As to these methods using the mold, it is expected that the number of manufacturing steps is more reduced as compared wit the sandblast method, etc. and at least the shape of the partition wall member before the baking step can be obtained with the precision of the mold. However, industrial use of these methods has not yet been advanced at the present situation. That is, in practical use, the conventional methods using the molds have various disadvantages that much time is needed to cure the member filled in the mold, it is required to keep the substrate at high temperature while the substrate is brought into contact with the partition wall member and pressurized and it is impossible to perfectly separate the mold from the partition wall member, because the adhesion strength between the substrate and the partition wall portions cannot be sufficiently enhanced.
A display panel manufacturing method comprises: a step of sandwiching a plate-shaped partition wall-forming member between a mold having an inverted shape to partition walls and a counter (support) mold, and press-molding the partition wall-forming member to form a partition wall member comprising partition wall portions and a bottom insulating layer portion in close contact with the mold; and a step of transferring the partition wall member onto a display substrate.
A display device according to the present invention is manufactured by the display panel manufacturing method of the present invention.
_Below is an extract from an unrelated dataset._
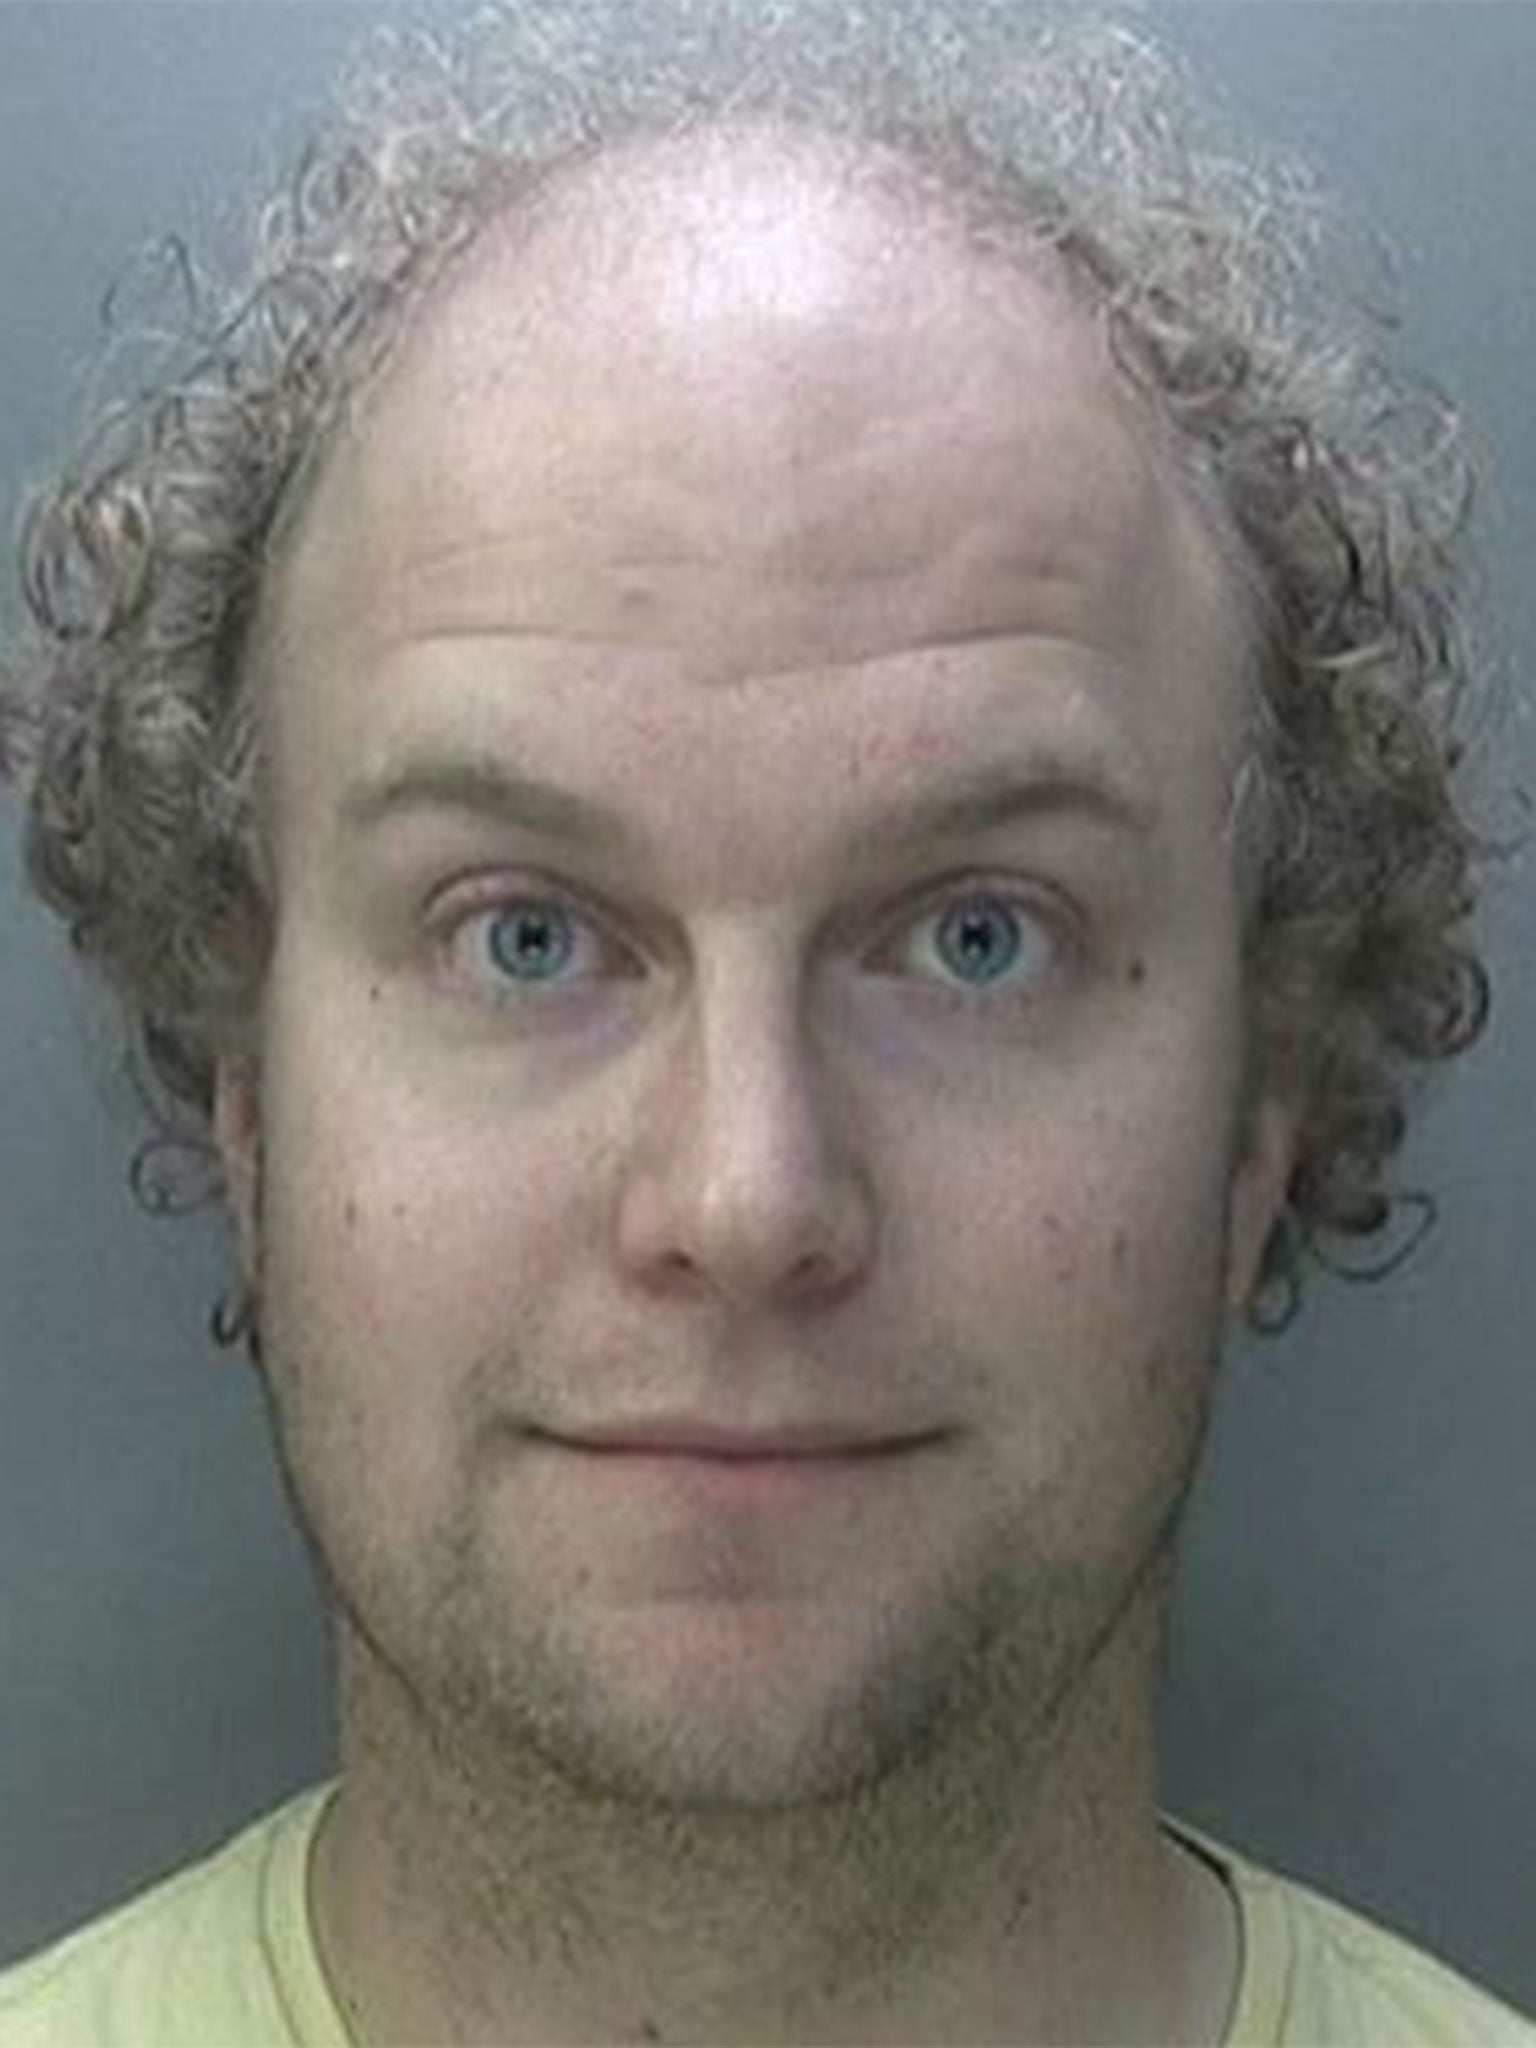 Bbs Nudist Gymnastics - Matthew Falder: One of Britain's most prolific paedophiles ...

The present invention is suitably applied to an AC discharge type plasma display device, however, it may be applied to various display devices using other partition walls. For example, it may be applied to display devices such as FED (Field Emission Display) for emitting electrons from a cold cathode electrode source to excite phosphor, PALC (Plasma address Liquid Crystal Display) for controlling liquid crystal by using a plasma switch, VFD (Vacuum Fluorescent Display) for exciting phosphor by using low-speed electron beams, or the like. Further, the present invention is not limited to the AC discharge type plasma display, but it may be applied to a DC (Direct Current) discharge type plasma display. In the case of the AC discharge type plasma display, the electrodes are covered by the bottom insulating layer. However, in the case of such a display device that the electrodes and the phosphor are exposed to the space, the electrodes and the phosphor may be formed on the bottom insulating layer.